Exercise instructions ->
Using the listing below, give again exactly the lines from the line with "Tradineur - Reloj" to the line with "LivestreamTV", inclusive, without the pictures.

Entries shown ->
***
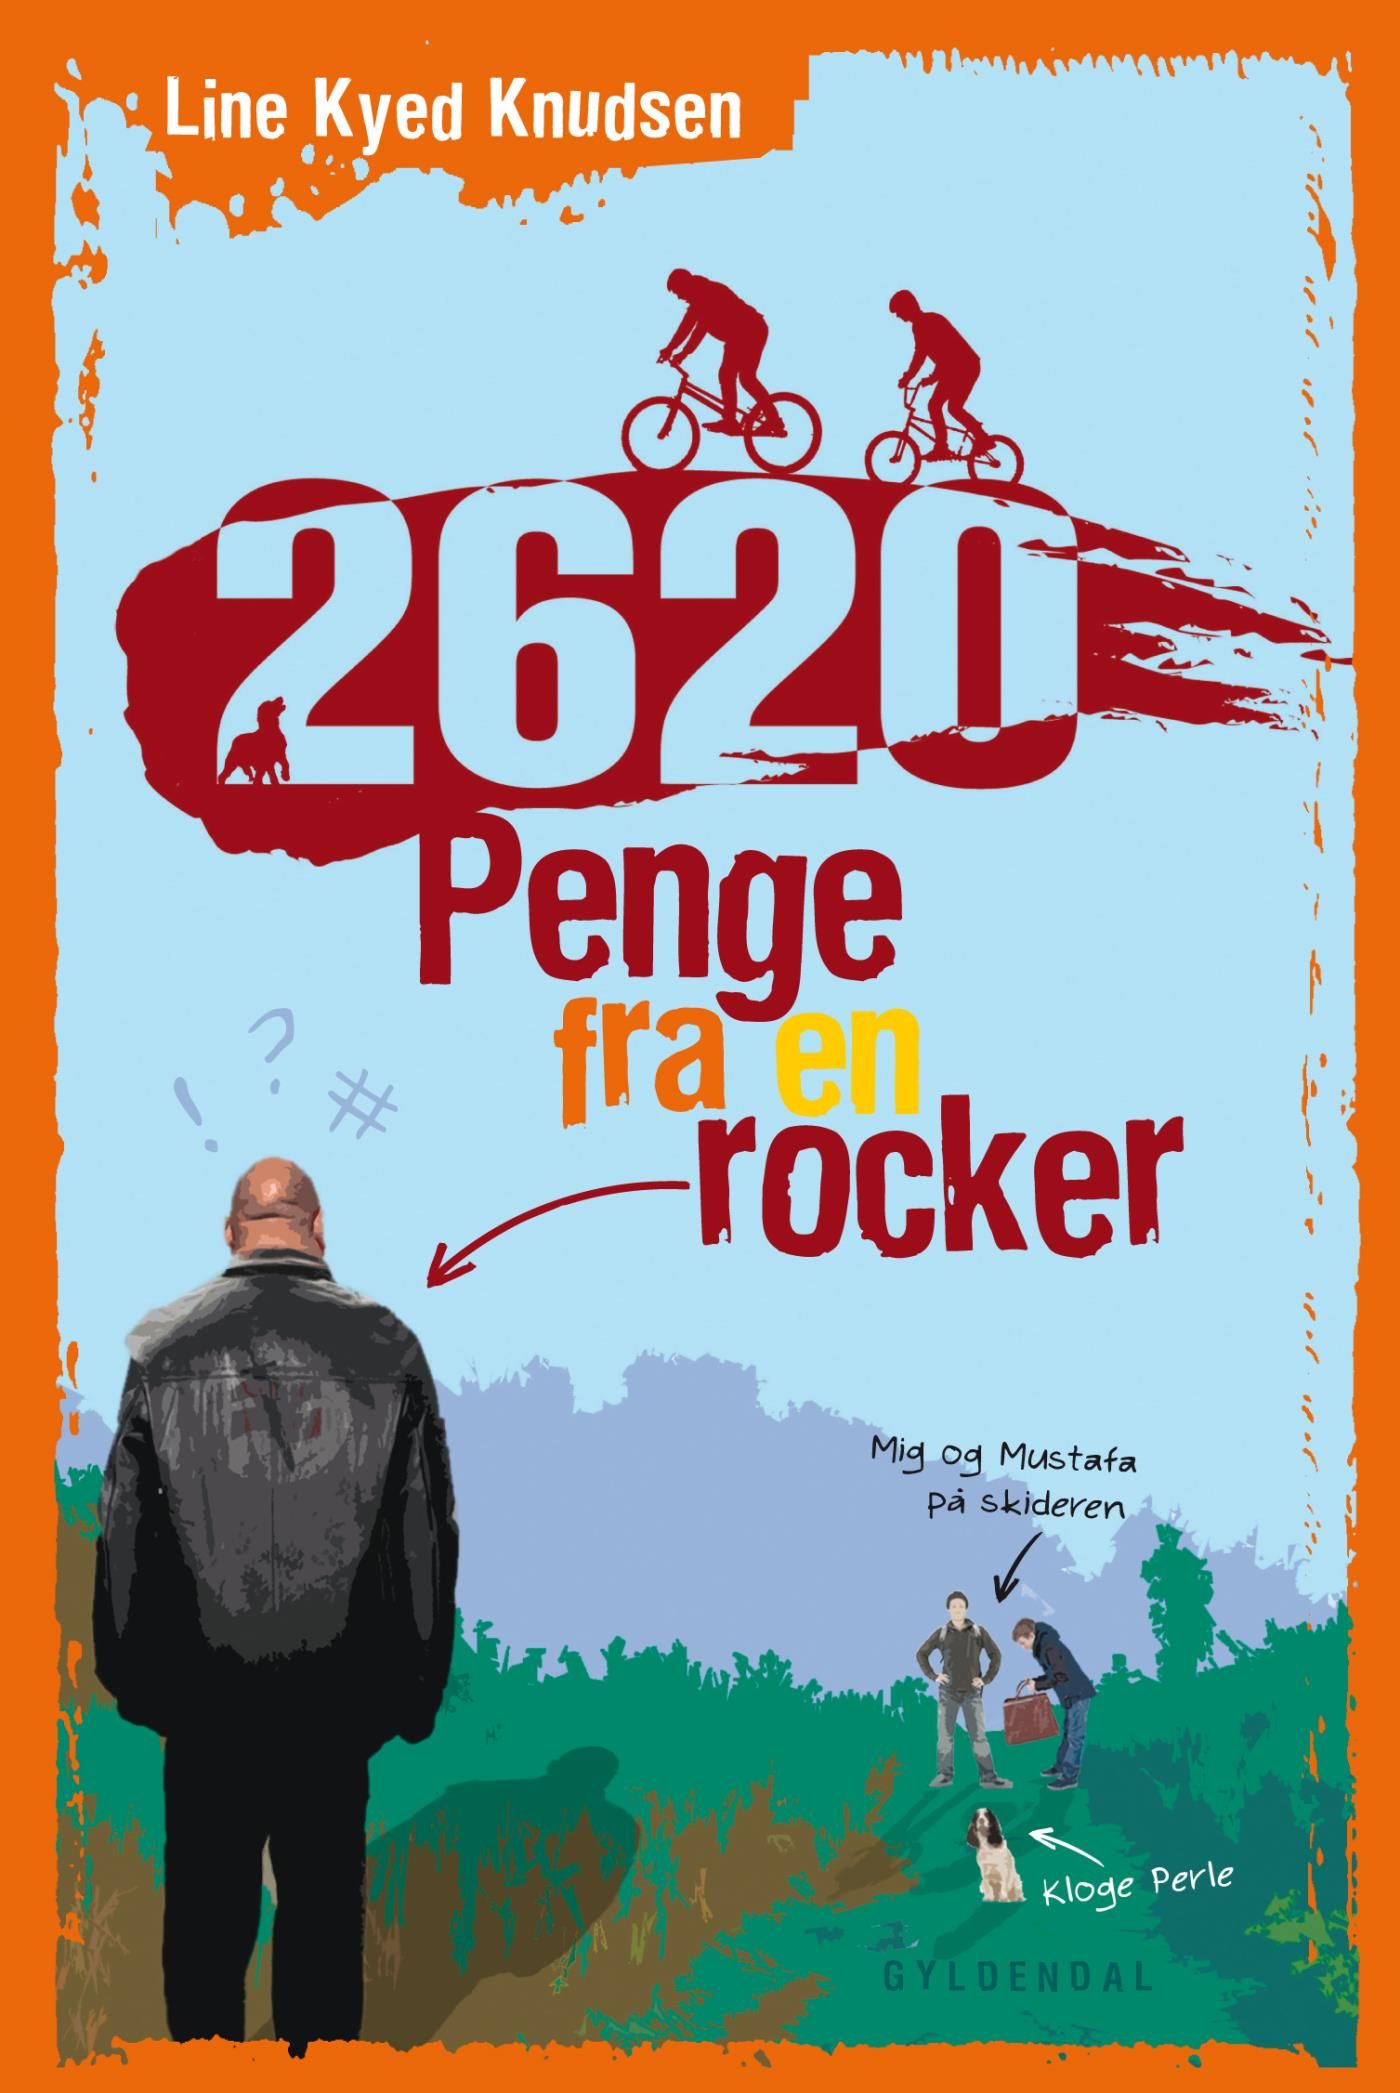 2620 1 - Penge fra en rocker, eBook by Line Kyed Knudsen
***
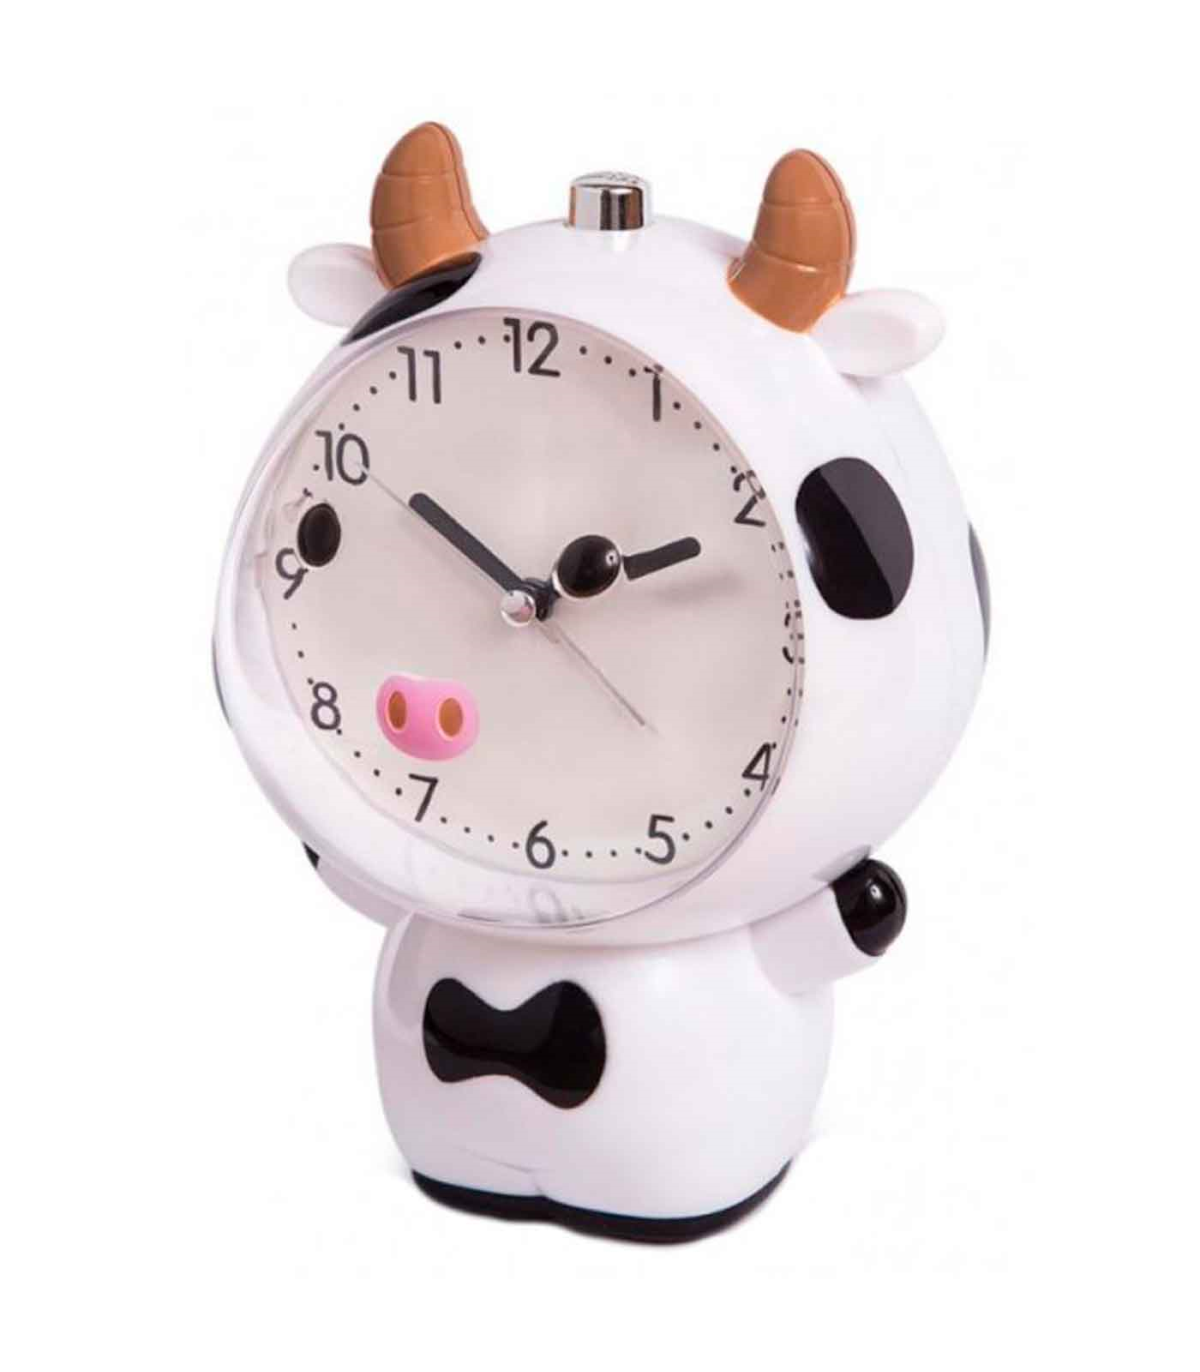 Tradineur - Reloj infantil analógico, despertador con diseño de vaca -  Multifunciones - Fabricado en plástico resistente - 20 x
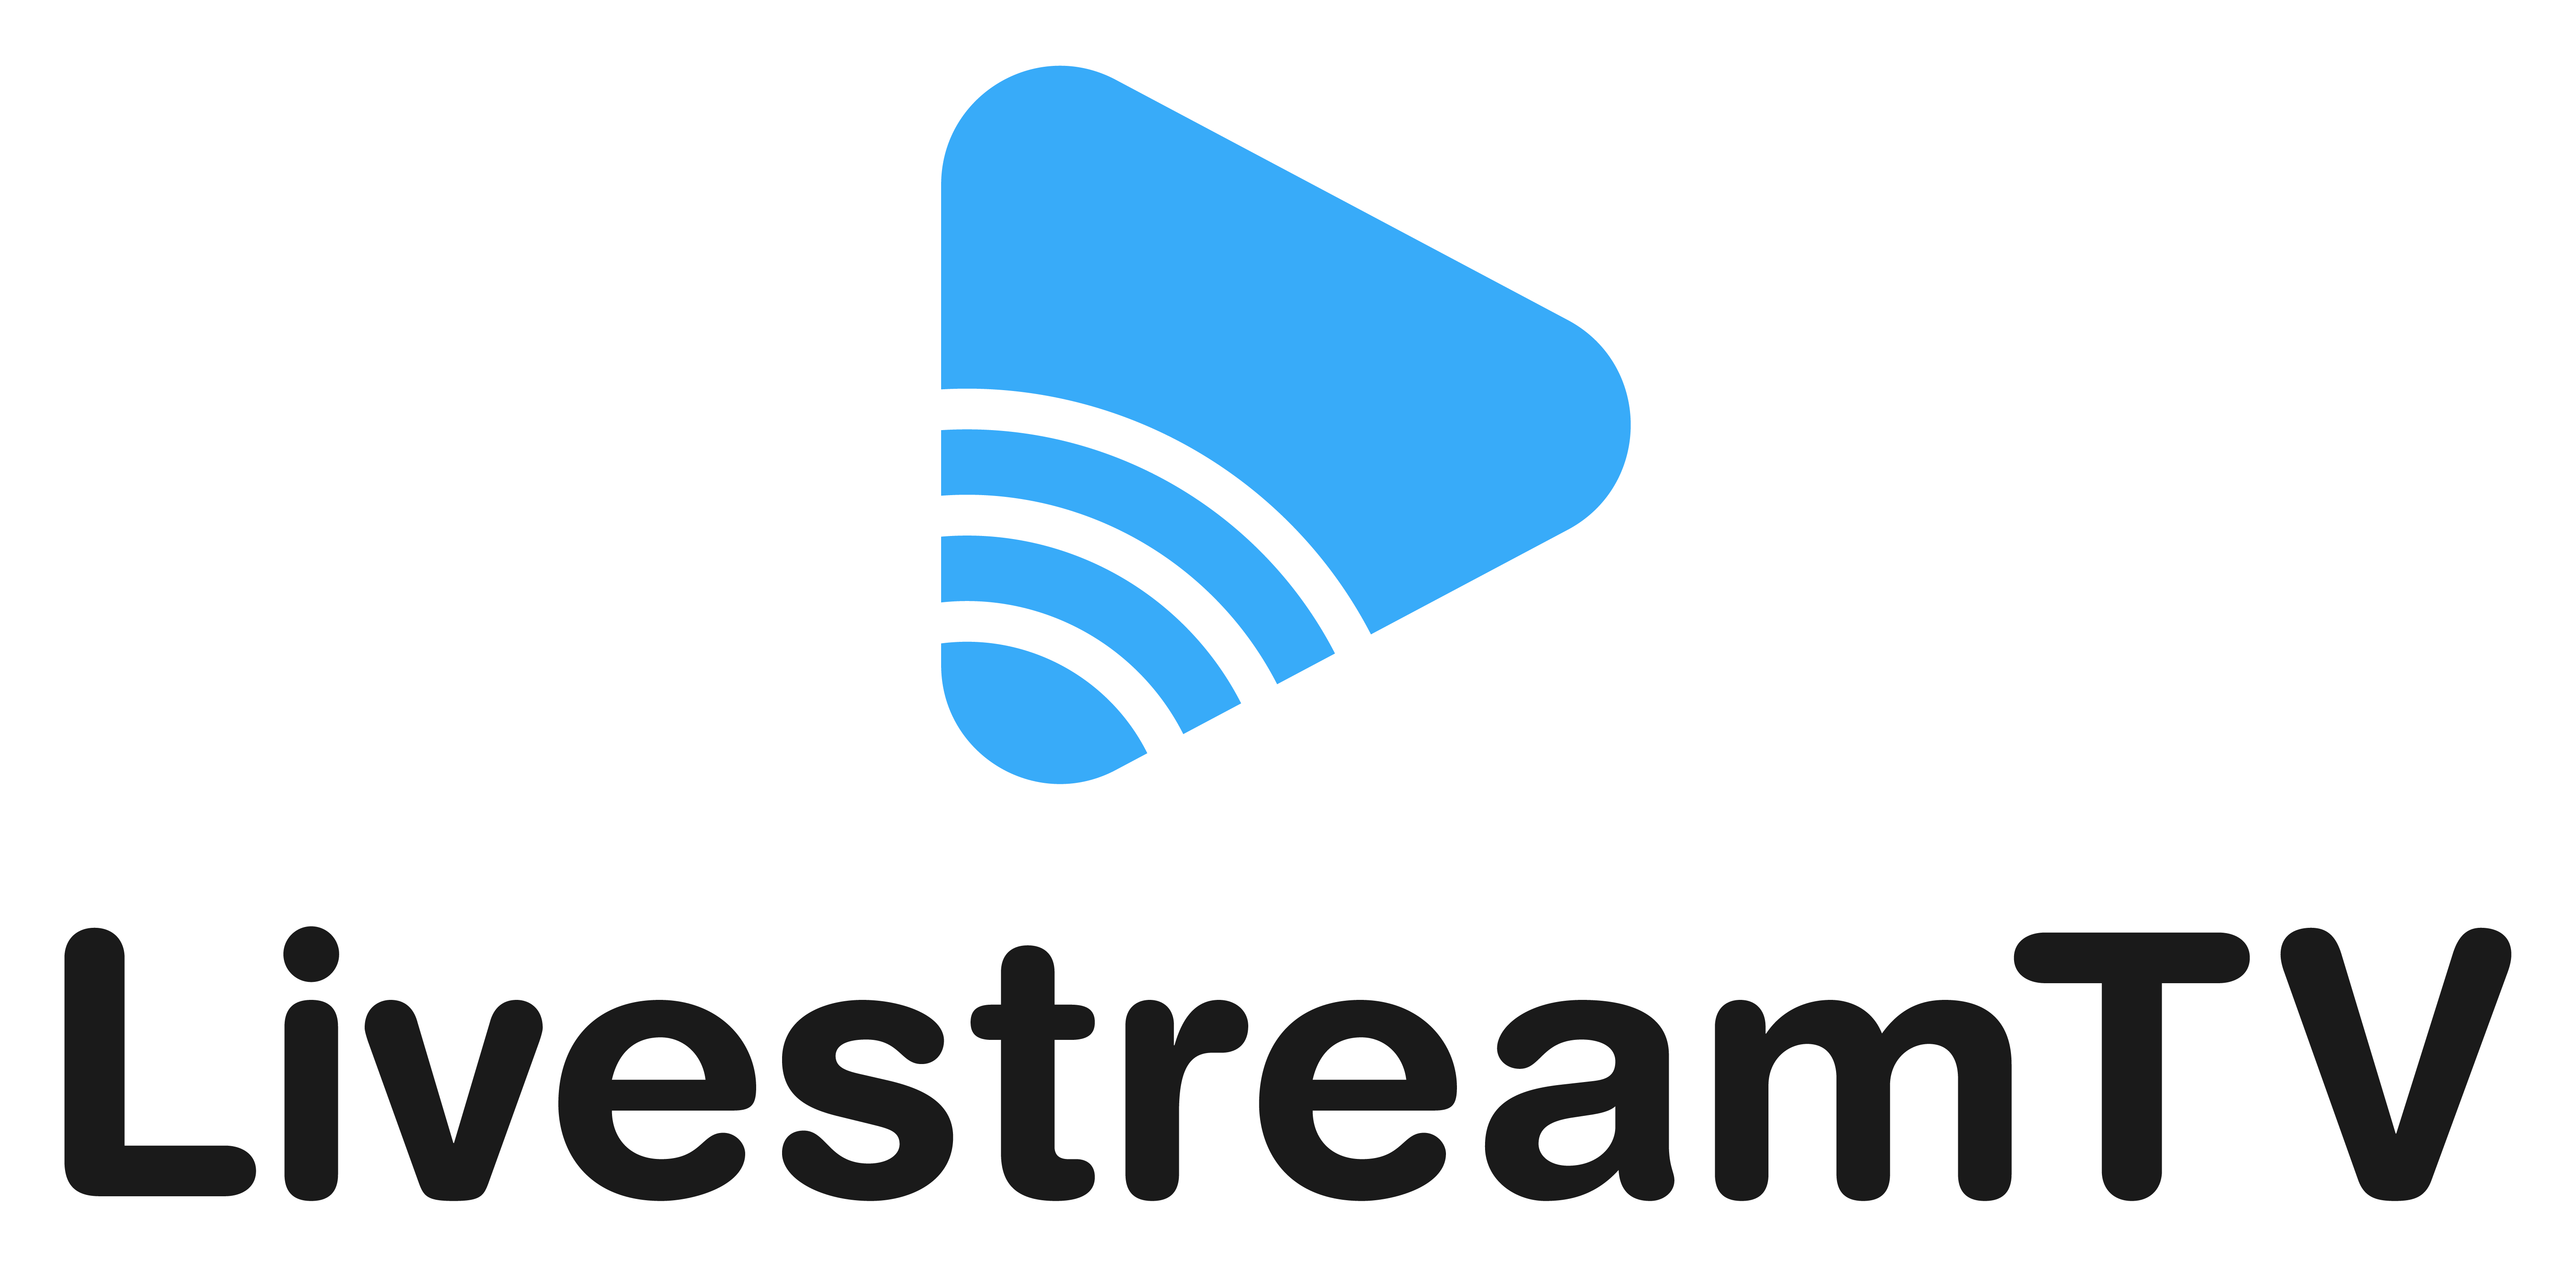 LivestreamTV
***
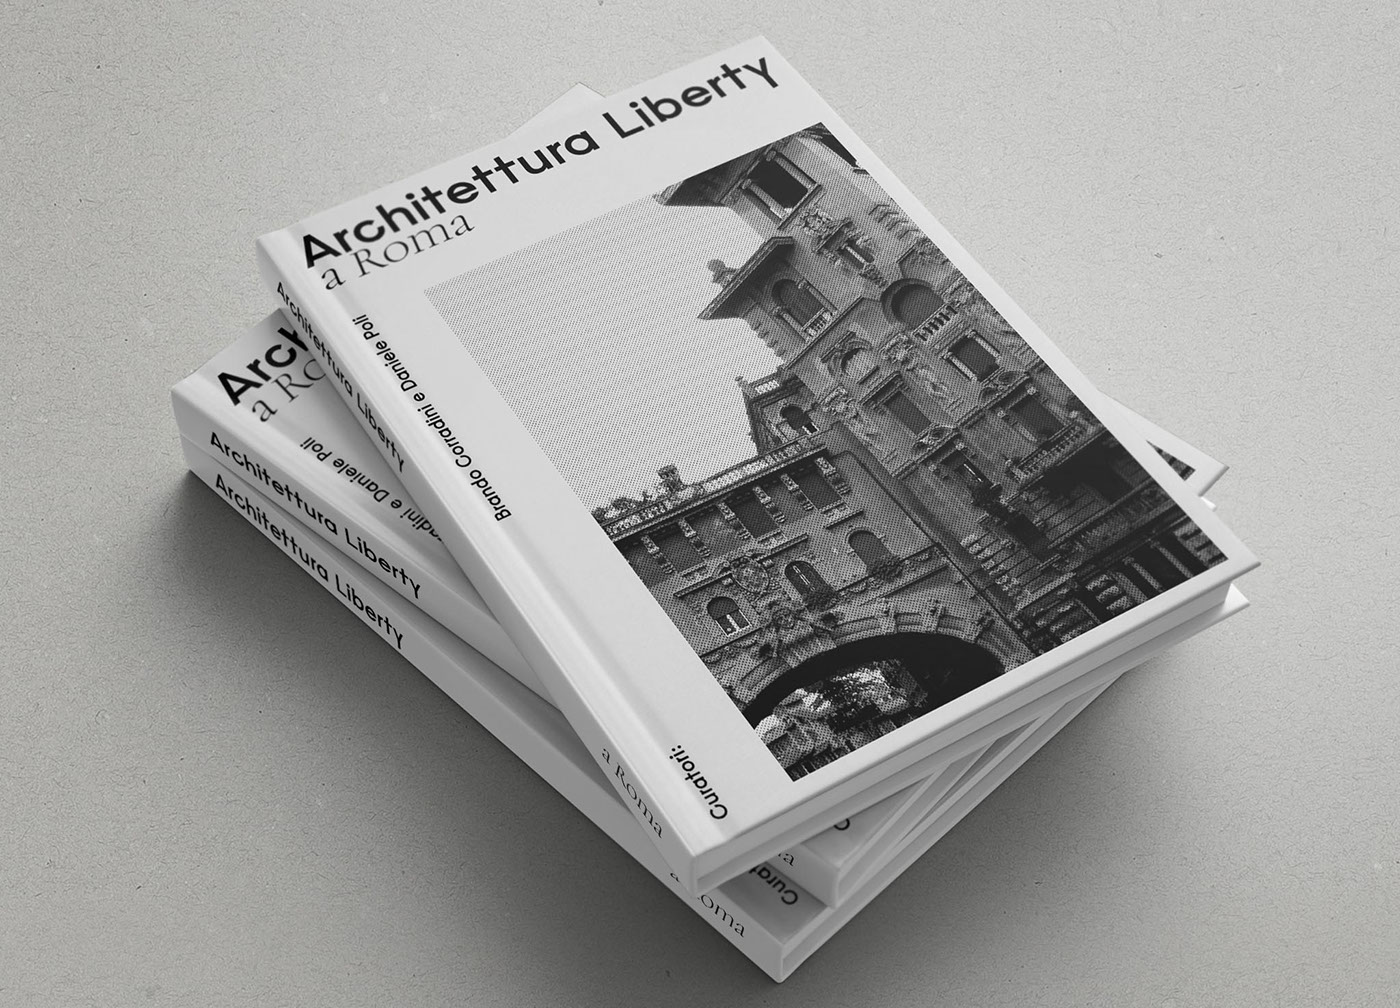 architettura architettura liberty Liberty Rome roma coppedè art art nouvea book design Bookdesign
***
Answer section ->
 Tradineur - Reloj infantil analógico, despertador con diseño de vaca -  Multifunciones - Fabricado en plástico resistente - 20 x
 LivestreamTV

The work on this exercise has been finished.